Federal courts are scrutinizing the government’s use of its secret No Fly List, and they don’t like what they see. In two recent decisions, judges have either rejected or expressed skepticism about the government’s arguments for secrecy and against a meaningful process for people to challenge their inclusion on the blacklist that bans them from travel to or from the United States or over American airspace. These decisions come on the heels of an August 2013 ruling in the ACLU’s No Fly List challenge, in which a court found, in a first-of-its-kind preliminary ruling, that our clients’ ability to fly internationally is protected by the Constitution.
On January 14, 2014, U.S. District Judge William Alsup issued a decision in the case of Rahinah Ibrahim, a Stanford PhD student and Malaysian citizen who was prevented from boarding a flight back to the United States, handcuffed, and held in a detention cell for two hours based on what turned out to be her mistaken placement on the No Fly List. After a trial, Judge Alsup concluded that the government’s internal administrative redress procedures (the same procedures at issue in the ACLU’s case) violate the Constitution’s Due Process clause because they do not provide a meaningful opportunity to contest or expunge erroneous information that forms the basis for inclusion on the list. He required the government to disclose to Ms. Ibrahim whether she is on the No Fly List and to “cleanse and/or correct its lists” of mistaken information about her.
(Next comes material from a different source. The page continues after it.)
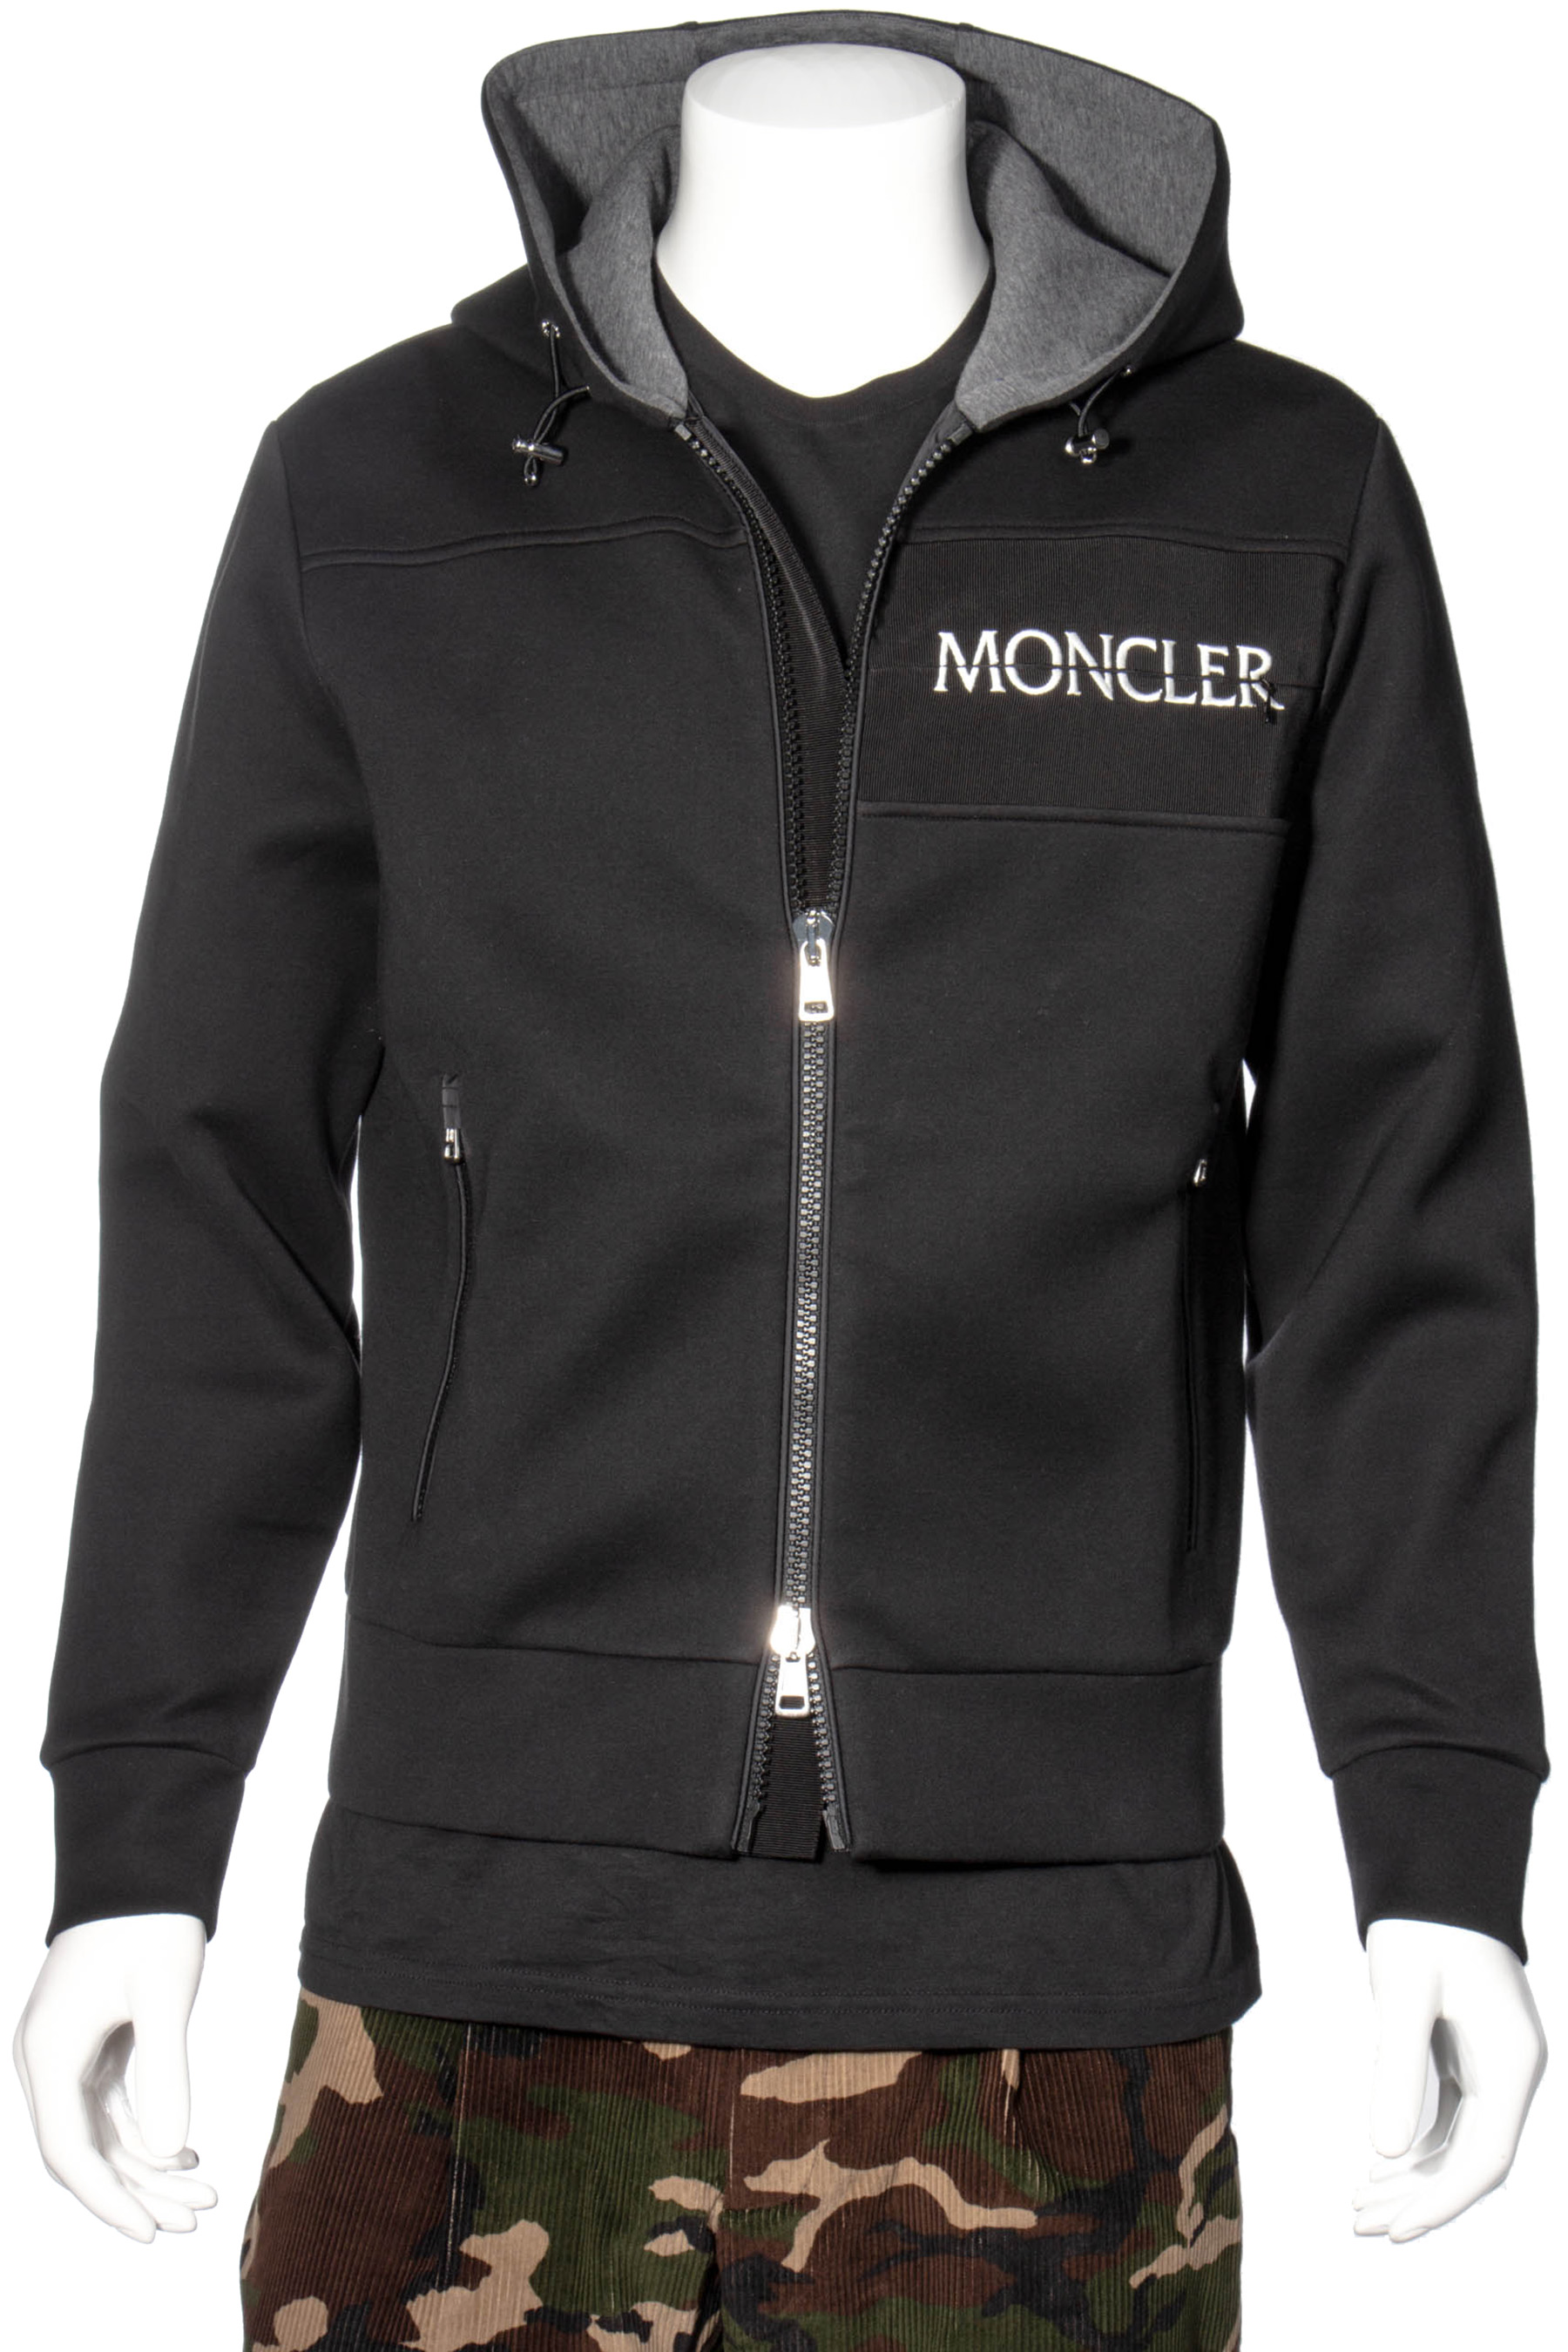 Moncler Zip Hoodie Factory Sale, 54% OFF | www.ingeniovirtual.com

In another ruling issued on January 22, 2014, U.S. District Judge Anthony Trenga rejected the government’s request to dismiss a case brought by Gulet Mohamed, a U.S. citizen who alleges that he was prevented from returning to the United States from Kuwait because he appeared on the No Fly List, and that he was subsequently subjected to beatings and mistreatment while in detention in Kuwait.
Judge Trenga was unsparing in describing the consequences of inclusion on the No Fly List: “The impact on a citizen who cannot use a commercial aircraft is profound,” he wrote, and “placement on the No Fly List is life defining and life restricting across a range of constitutionally protected activities and aspirations.” In short, in Judge Trenga’s words, “a No Fly List designation transforms a person into a second class citizen, or worse.”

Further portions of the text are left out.